4. Visualizing the Data¶
plt.title("Social Network Ads by Age and Salary")
plt.xlabel("Age")
plt.ylabel("Salary")
plt.scatter(X[y==0, 0], X[y==0, 1], label='No') # Users who did not purchase
plt.scatter(X[y==1, 0], X[y==1, 1], label='Yes') # Users who purchased
plt.legend()
plt.show()
- This section visualizes the data points by plotting Age against Salary.
- Different colors represent users who did or did not purchase the ads.
5. Splitting the Dataset into Training and Test Sets¶
from sklearn.model_selection import train_test_split
X_train, X_test, y_train, y_test = train_test_split(X, y, test_size=0.25, random_state=0)
- The dataset is split into training (75%) and testing (25%) sets to evaluate the model’s performance.
6. Feature Scaling¶
from sklearn.preprocessing import StandardScaler
sc_x = StandardScaler()
X_train = sc_x.fit_transform(X_train) # Fit and transform the training data
X_test = sc_x.transform(X_test) # Transform the test data
- StandardScaler is used to standardize the features, ensuring they have a mean of 0 and a standard deviation of 1. This is important for the Naive Bayes algorithm.
7. Creating and Training the Naive Bayes Classifier¶
from sklearn.naive_bayes import GaussianNB
classifier = GaussianNB() # Initialize the Gaussian Naive Bayes classifier
classifier.fit(X_train, y_train) # Train the classifier
GaussianNB()In a Jupyter environment, please rerun this cell to show the HTML representation or trust the notebook.
On GitHub, the HTML representation is unable to render, please try loading this page with nbviewer.org.
GaussianNB()
- The Gaussian Naive Bayes Classifier is initialized and trained using the training data.
8. Making Predictions¶
y_pred = classifier.predict(X_test) # Predicting the test set results
y_pred
array([0, 0, 0, 0, 0, 0, 0, 1, 0, 1, 0, 0, 0, 0, 0, 0, 0, 0, 1, 0, 0, 1, 0, 1, 0, 1, 0, 0, 0, 0, 0, 0, 1, 0, 0, 0, 0, 0, 0, 1, 0, 0, 0, 0, 1, 0, 0, 1, 0, 1, 1, 0, 0, 1, 1, 0, 0, 0, 1, 0, 0, 1, 0, 0, 0, 1, 0, 0, 0, 0, 1, 0, 0, 0, 0, 0, 0, 0, 1, 1, 1, 1, 0, 0, 1, 0, 0, 1, 0, 0, 0, 1, 0, 0, 0, 0, 0, 1, 1, 1], dtype=int64)
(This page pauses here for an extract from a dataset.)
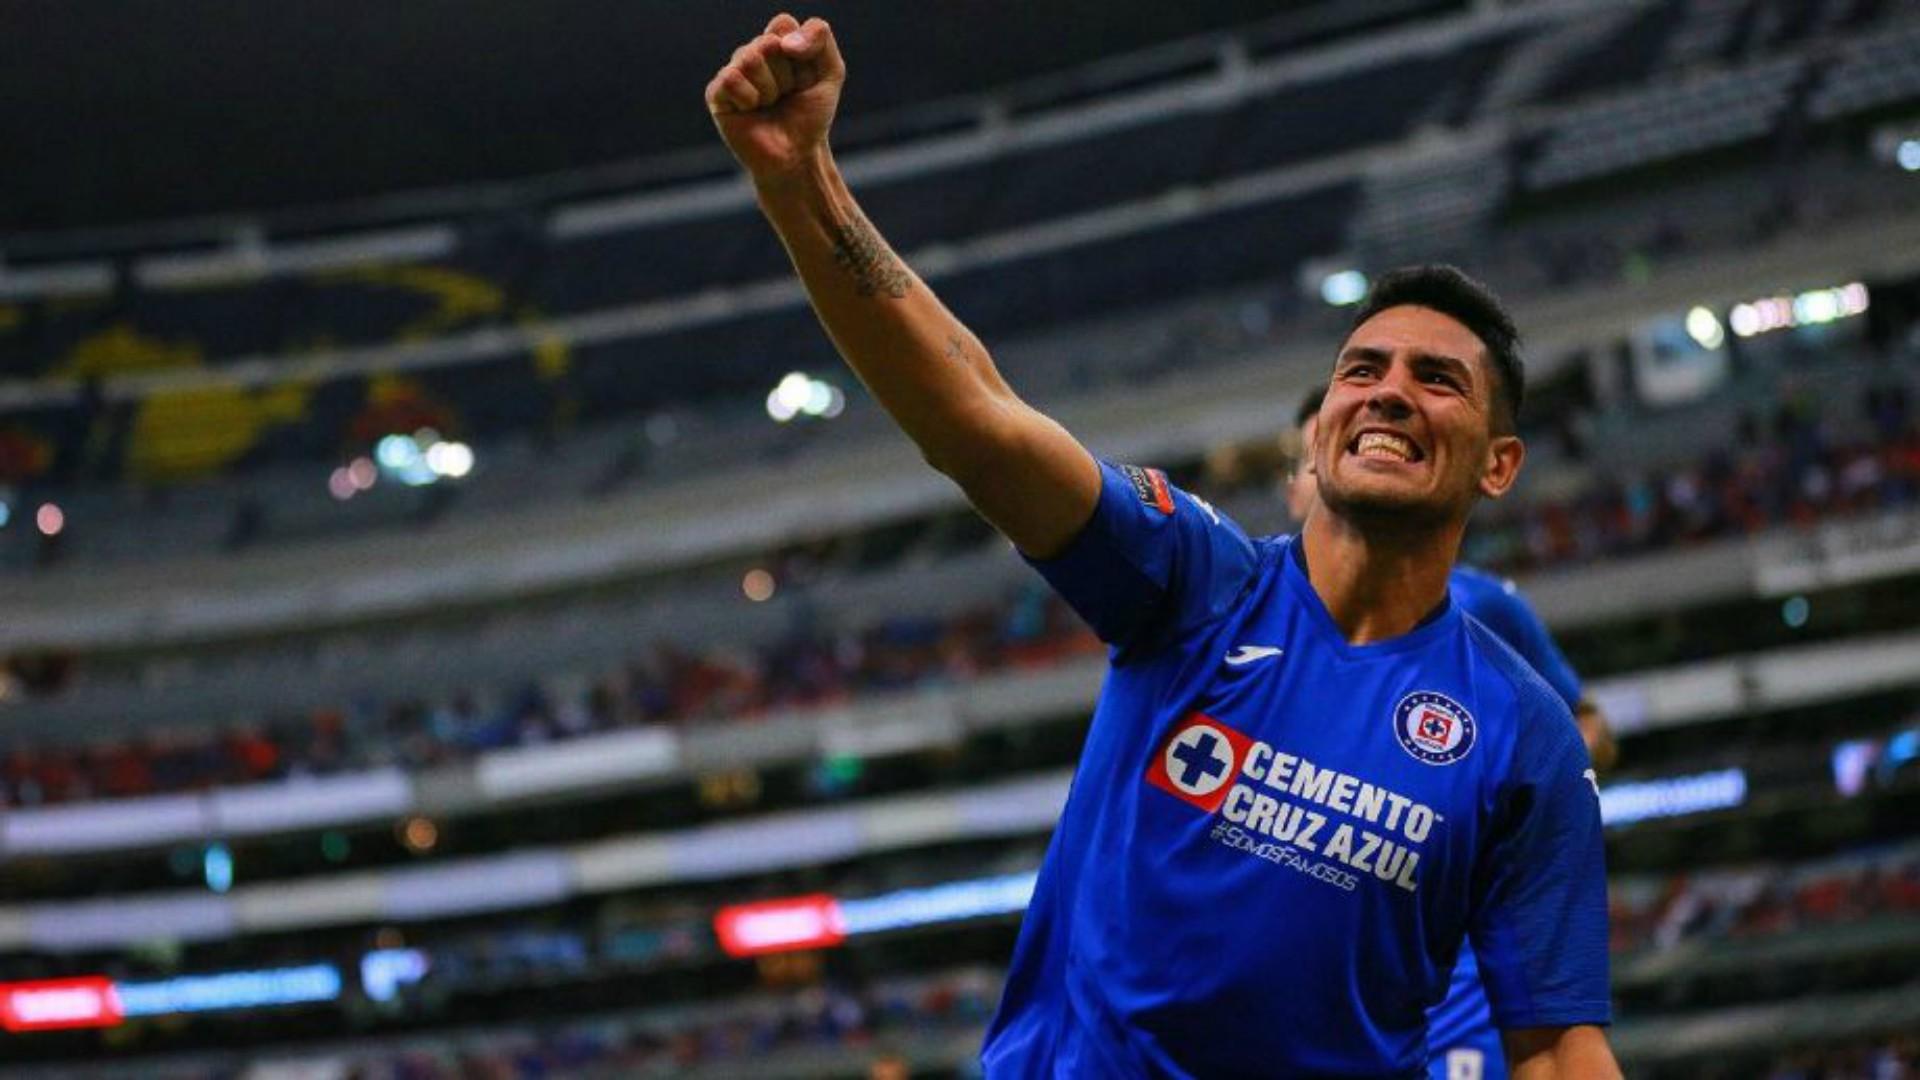 Oficial: Cruz Azul manda a Lucas Passerini al Necaxa | Goal.com

- Predictions are made for the test set using the trained model.
9. Evaluating the Model¶
classifier.score(X_test, y_test) * 100 # Model accuracy in percentage
90.0
from sklearn.metrics import accuracy_score
accuracy_score(y_test, y_pred) * 100 # Accuracy score calculation
90.0
from sklearn.metrics import confusion_matrix
cm = confusion_matrix(y_test, y_pred) # Confusion matrix
cm
array([[65, 3], [ 7, 25]], dtype=int64)
- Model Accuracy: The overall accuracy of the model on the test set is calculated.
- Confusion Matrix: This matrix shows the performance of the classifier by comparing predicted and actual values.
10. Visualizing the Decision Boundary¶
X_set, y_set = X_test, y_test # Using the test set for visualization
plt.title("Social Network Ads by Age and Salary")
plt.xlabel("Age")
plt.ylabel("Salary")
X1 = np.arange(X_set[:, 0].min()-1, X_set[:, 0].max()+1, 0.01) # Range for Age
X2 = np.arange(X_set[:, 1].min()-1, X_set[:, 1].max()+1, 0.01) # Range for Salary
xx, yy = np.meshgrid(X1, X2) # Create a grid of values
X3 = np.array([xx.ravel(), yy.ravel()]).T # Combine grid values
zz = classifier.predict(X3).reshape(xx.shape) # Predictions for the grid
plt.contourf(xx, yy, zz) # Plotting the decision boundary
plt.scatter(X_set[y_set == 0, 0], X_set[y_set == 0, 1], label='No') # Users who did not purchase
plt.scatter(X_set[y_set == 1, 0], X_set[y_set == 1, 1], label='Yes') # Users who purchased
plt.legend()
plt.show()
- This section visualizes the decision boundary of the classifier.
- A grid is created to show areas where the model predicts different outcomes (purchased vs. not purchased).
Conclusion¶
This code effectively demonstrates the process of using a Naive Bayes Classifier to predict user behavior based on age and salary. It includes data loading, preprocessing, model training, prediction, evaluation, and visualization of results.